Amélia, Alcina, Antónia e Agripina, quatro meninas felizes que estavam a jogar às escondidas, juntaram-se aos outros depois de passado o susto inicial. Também elas não conseguiam encontrar explicação para aquele fenómeno bizarro.
Logo em seguida, chegaram os rapazes que andavam a jogar à bola no descampado do bairro, António, Almerindo, Armando, Américo, André e Angélico. Nenhum deles disse palavra, pois todas as suas explicações eram fantasiosas.
Finalmente apareceu Carlos, o miúdo estudioso do terceiro andar do número 10, que disse, com ar muito sério:
– É das alterações climáticas.
Houve um segundo de silêncio admirado, a seguir ao qual todos romperam às gargalhadas. Essa era boa, as alterações climáticas. O rapaz estava, por certo, demasiado habituado a ouvir nos noticiários que as alterações climáticas eram razão para os mais estranhos fenómenos e, por isso, devia pensar que eram a causa de tudo o que é estranho. Ninguém ligou àquela teoria mirabolante, mas também ninguém ofereceu outra explicação.

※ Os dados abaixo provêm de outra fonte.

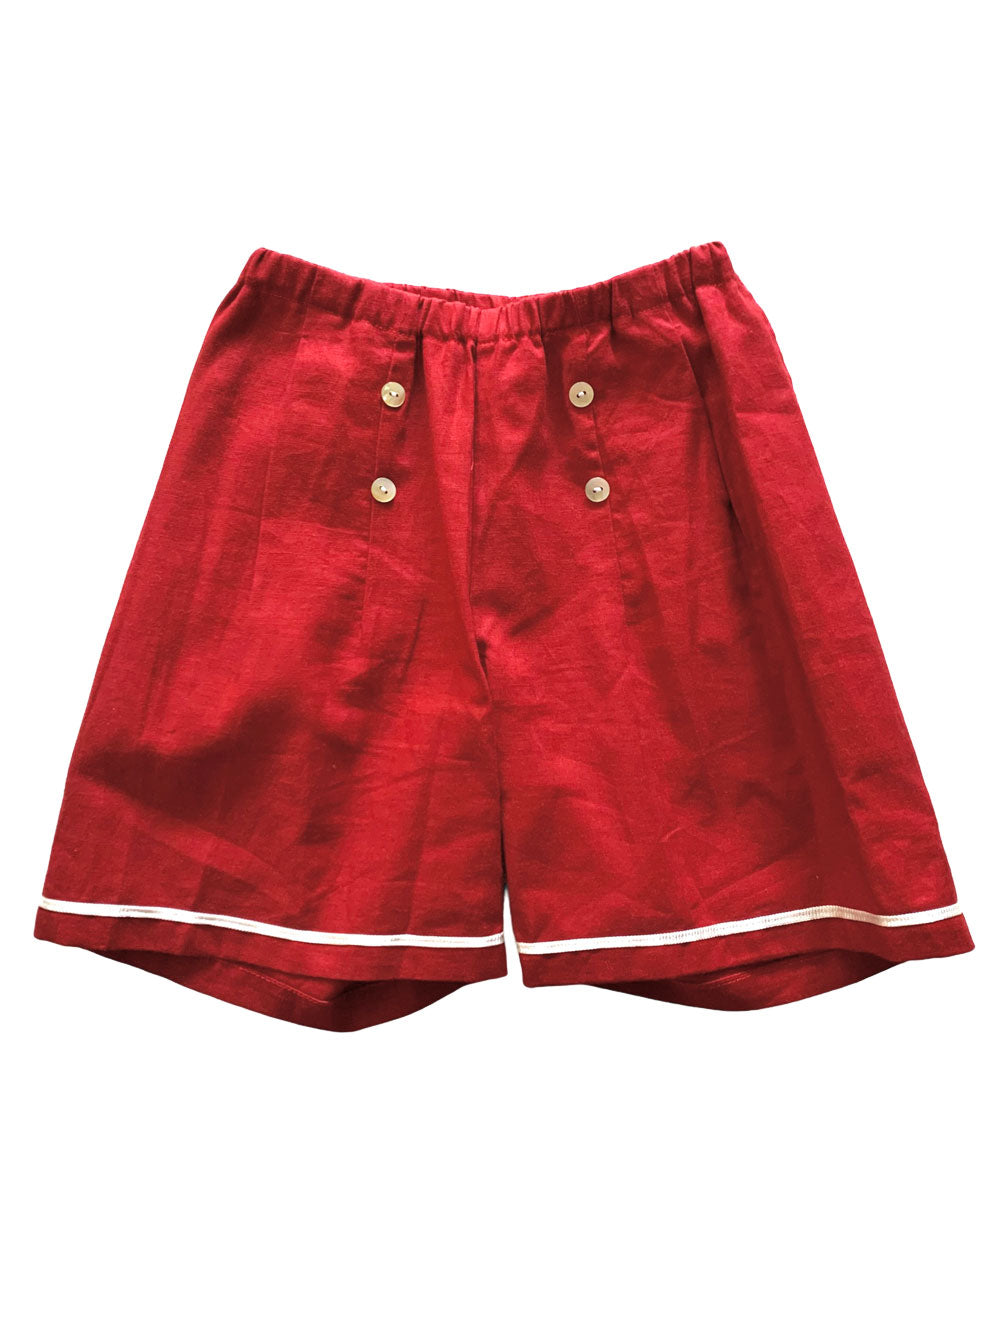 PREORDER: Bordeaux Sailor Shorts

Veio a polícia, vieram os bombeiros e chamaram Artur, que limpou a rua e levou os restos mortais do piano na sua camioneta de areia (das grandes). O buraco no passeio ficou lá, à espera de alguém que o viesse reparar.
Passada uma semana, quando já todos tinham esquecido o espetáculo do piano, voltou a acontecer algo surpreendente. Ao final da tarde, uma chuva dourada tombou sobre a rua. Quem a visse através de uma janela poderia pensar que estava a chover ouro. Durou apenas dez segundos, deixando todos surpreendidos e sem reação. Quando parou, as pessoas saíram à rua para ver do que se tratava. Eram espigas de trigo, tantas que cobriram toda a rua e encheram o buraco do piano.
– É incrível, – disse Ana.
– É bruxaria, – disse Álvaro.
– É inexplicável, – disse Amândio.
– É fantástico, – disseram a uma só voz Amélia, Alcina, Antónia e Agripina.
– É magia, – disseram em coro António, Almerindo, Armando, Américo, André e Angélico.
– É das alterações climáticas, – disse Carlos.
Todos olharam para ele e riram.
Dessa vez, a polícia não apareceu, apenas os bombeiros que, tão surpreendidos quanto os outros, acharam que nada havia a fazer a não ser chamar o Artur e o seu grande camião de areia para limpar novamente a rua.
Apareceu também uma equipa de reportagem de um dos canais de televisão. Andreia, uma jornalista enérgica, entrevistou todos os presentes, incluindo as crianças, que estavam desejando ver-se na televisão. Amadeu, o operador de câmara sonolento, filmou tudo com cuidado.
Quando Andreia perguntou a Carlos o que ele pensava e ouviu a resposta habitual de que a culpa era das alterações climáticas, não conseguiu evitar um sorriso. Olhou para a câmara, piscou um olho e disse: – Que querido.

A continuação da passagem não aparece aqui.